INSTRUCTIONS FOR THE TASK
Without any of its pictures, the listing below should be output exactly.

RAW DATA
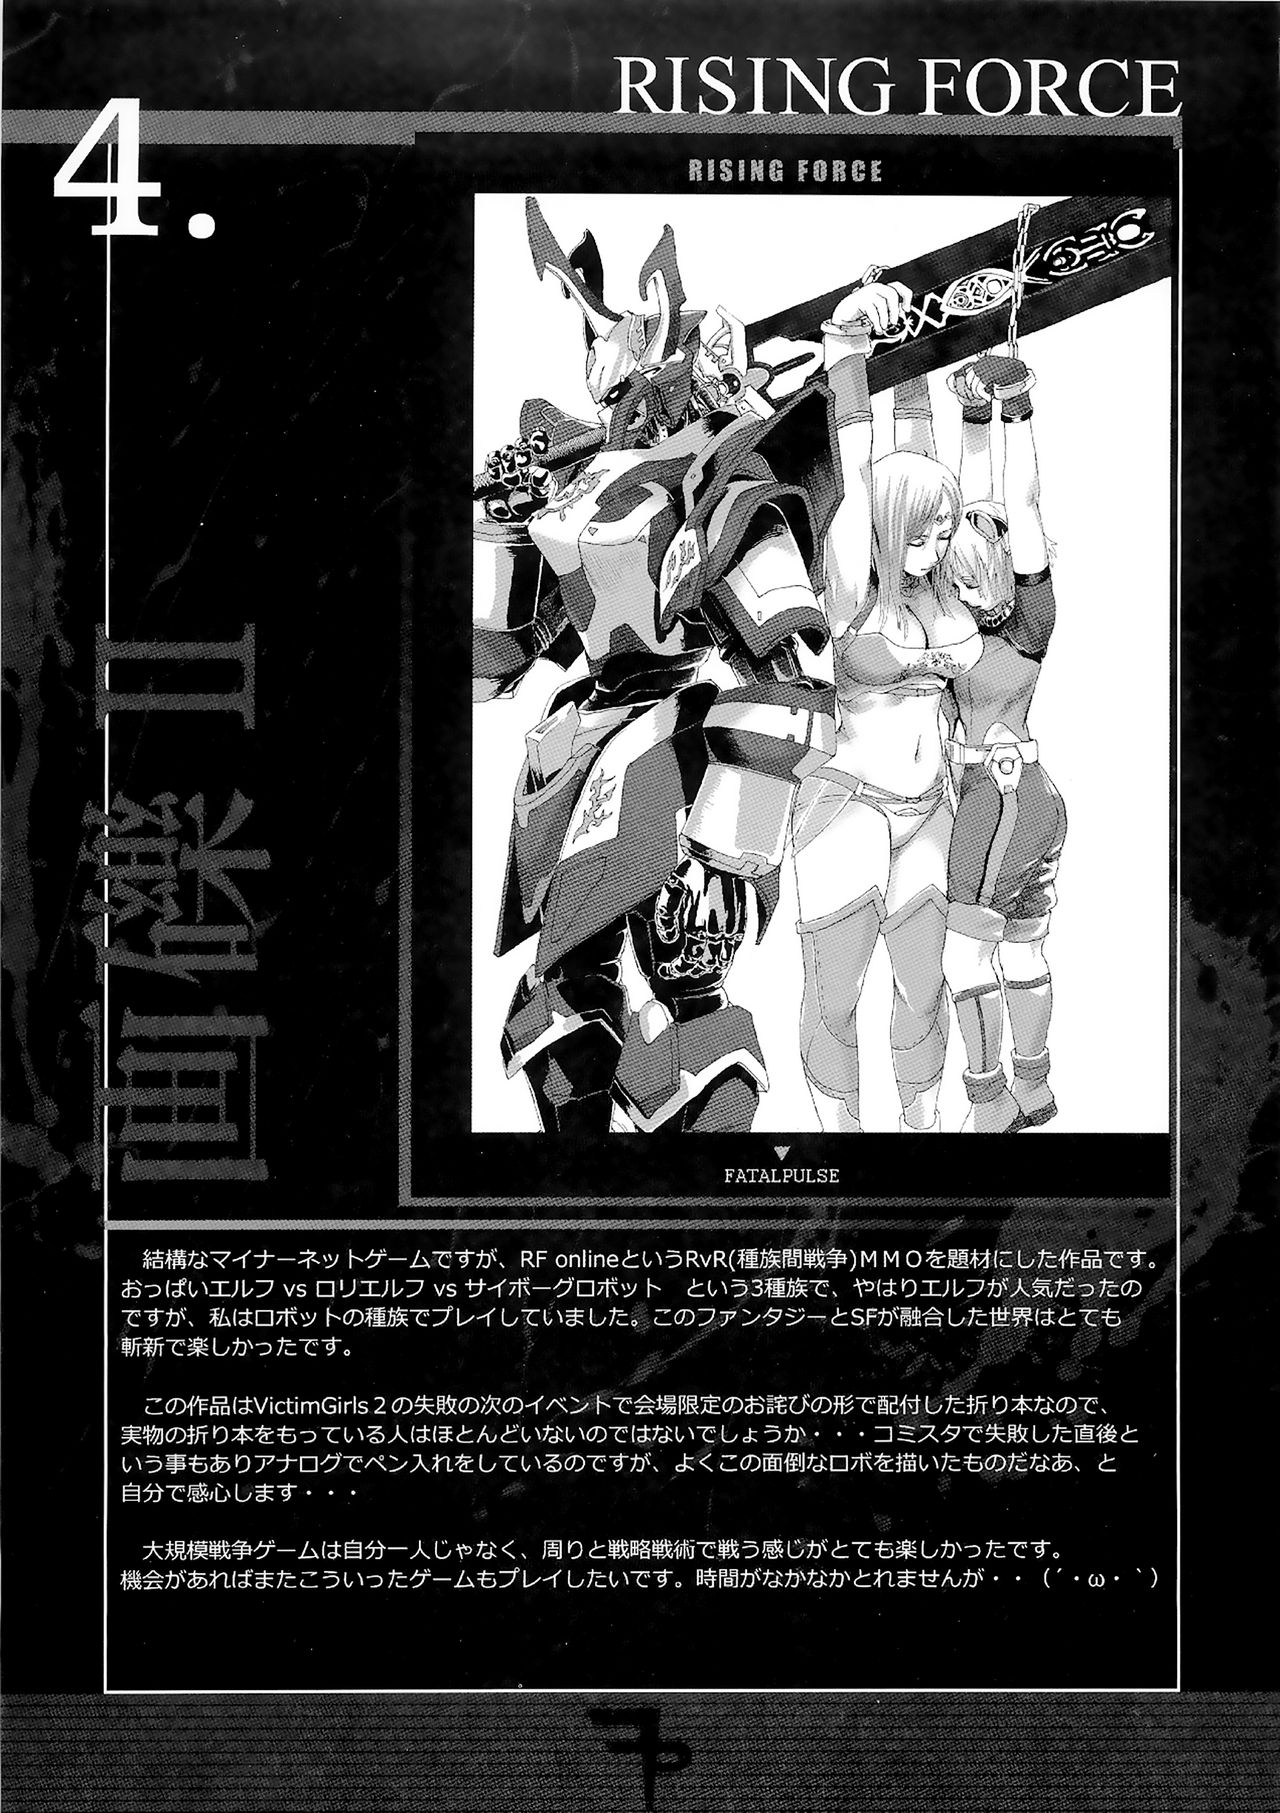 (C83) [Fatalpulse (朝凪)] VictimGirls Compiled Vol.1 -Victimgirls総集編1- MMO Game Selection (よろず)[中国翻訳]
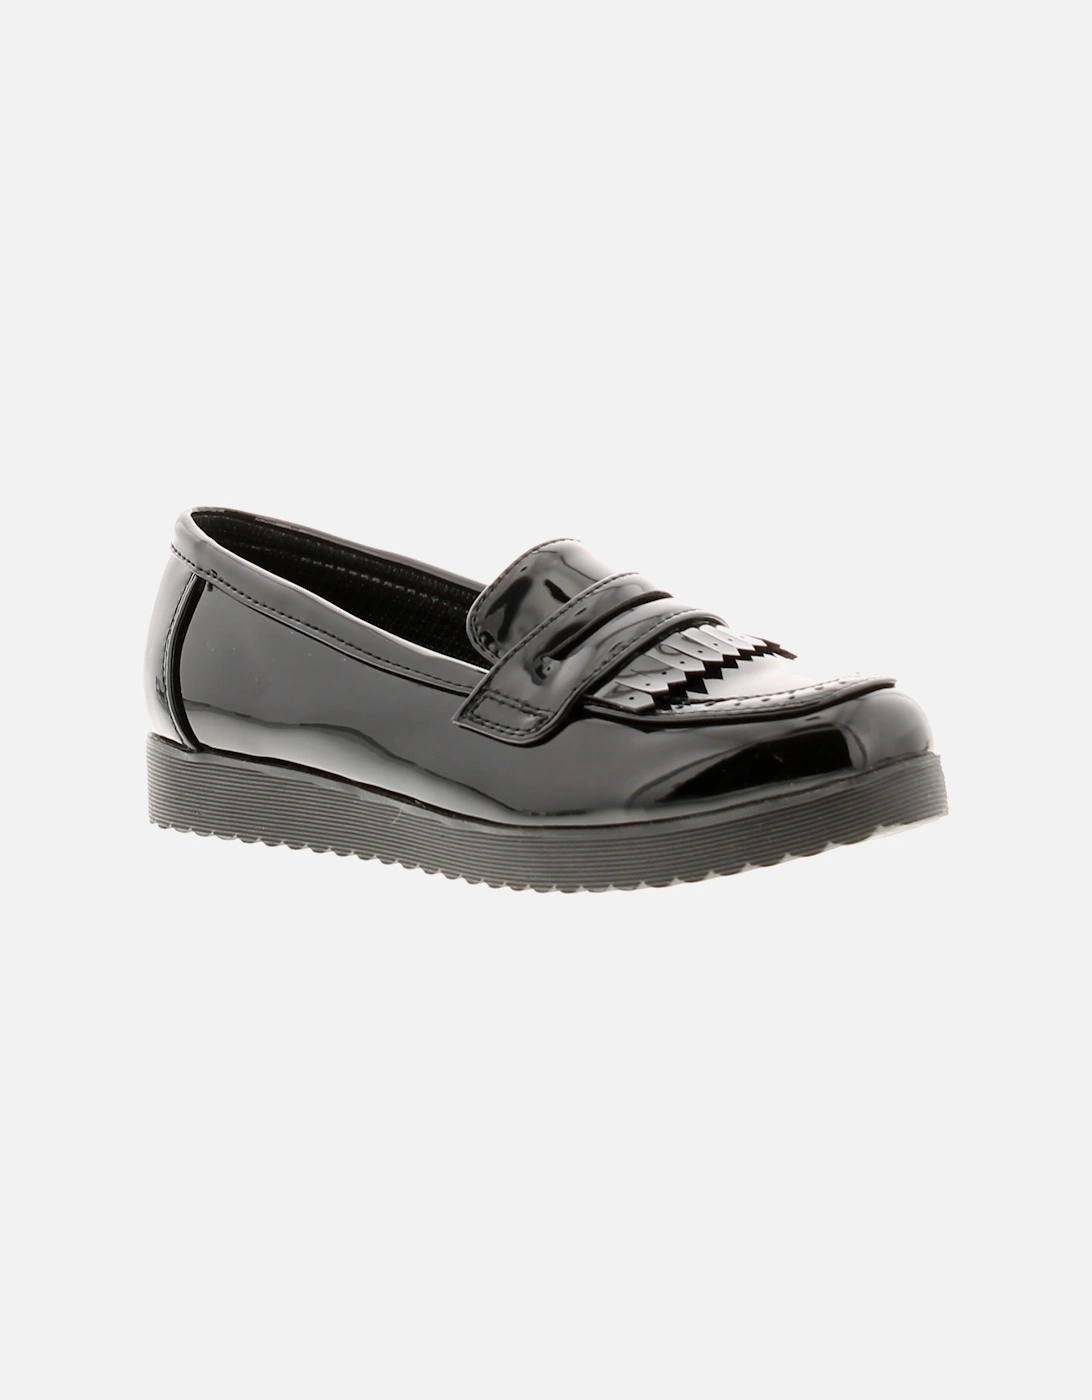 Girls School Shoes Abbie Slip On black UK Size, 6 of 5
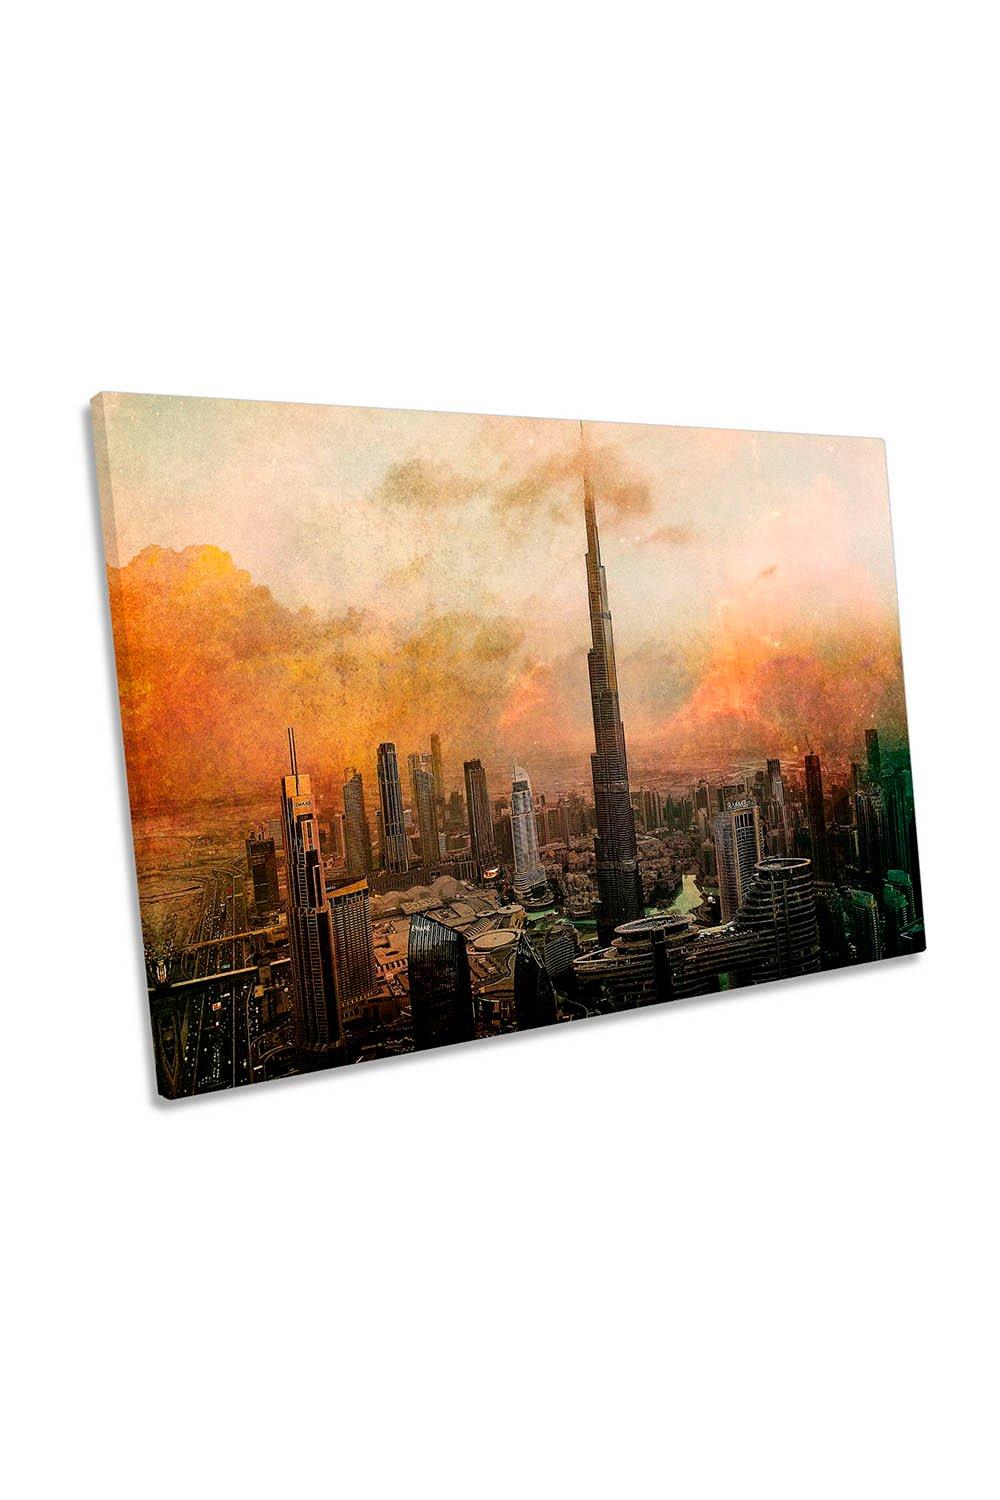 Burj Khalifa Dubai City Distressed Canvas Wall Art Picture Print
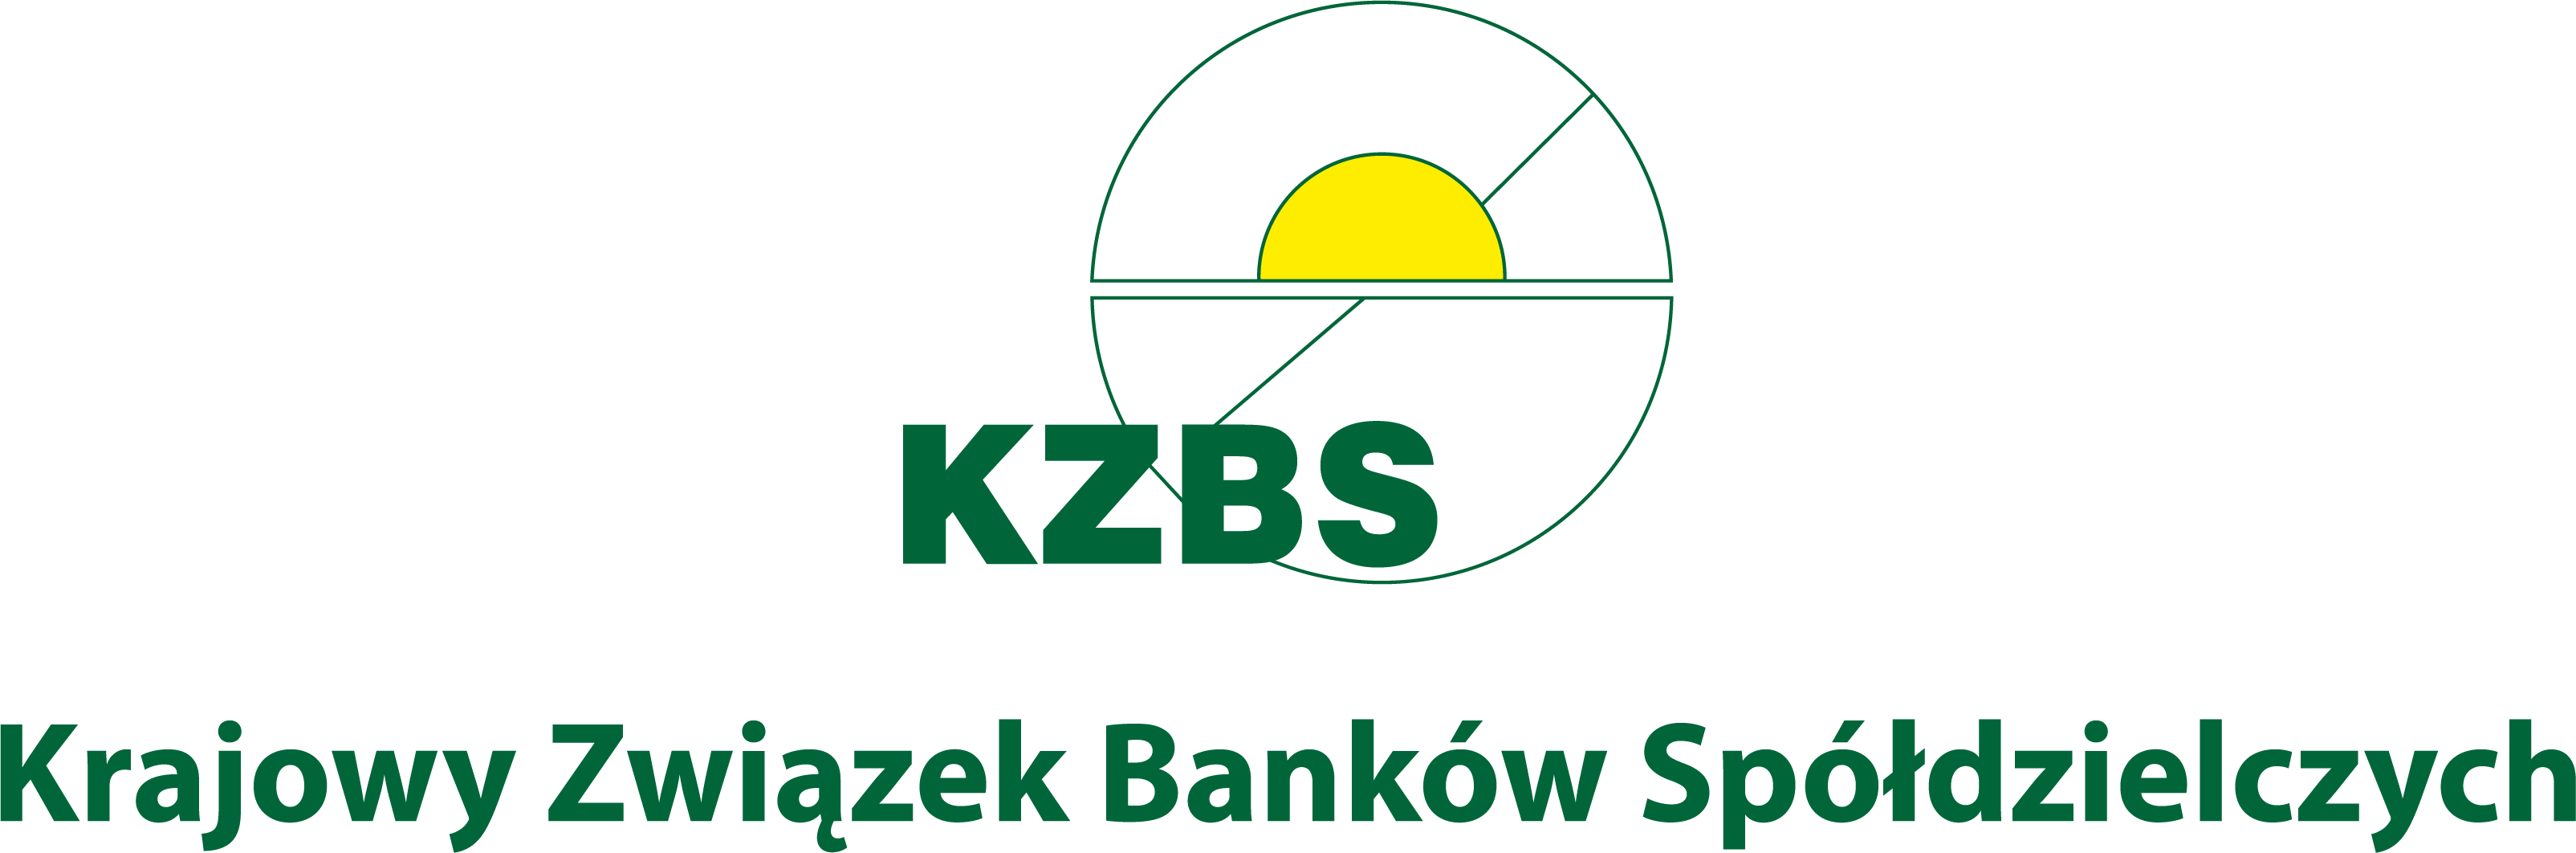 logo KZBS

OUTPUT FOR THIS TASK
 (C83) [Fatalpulse (朝凪)] VictimGirls Compiled Vol.1 -Victimgirls総集編1- MMO Game Selection (よろず)[中国翻訳]
 Girls School Shoes Abbie Slip On black UK Size, 6 of 5
 Burj Khalifa Dubai City Distressed Canvas Wall Art Picture Print
 logo KZBS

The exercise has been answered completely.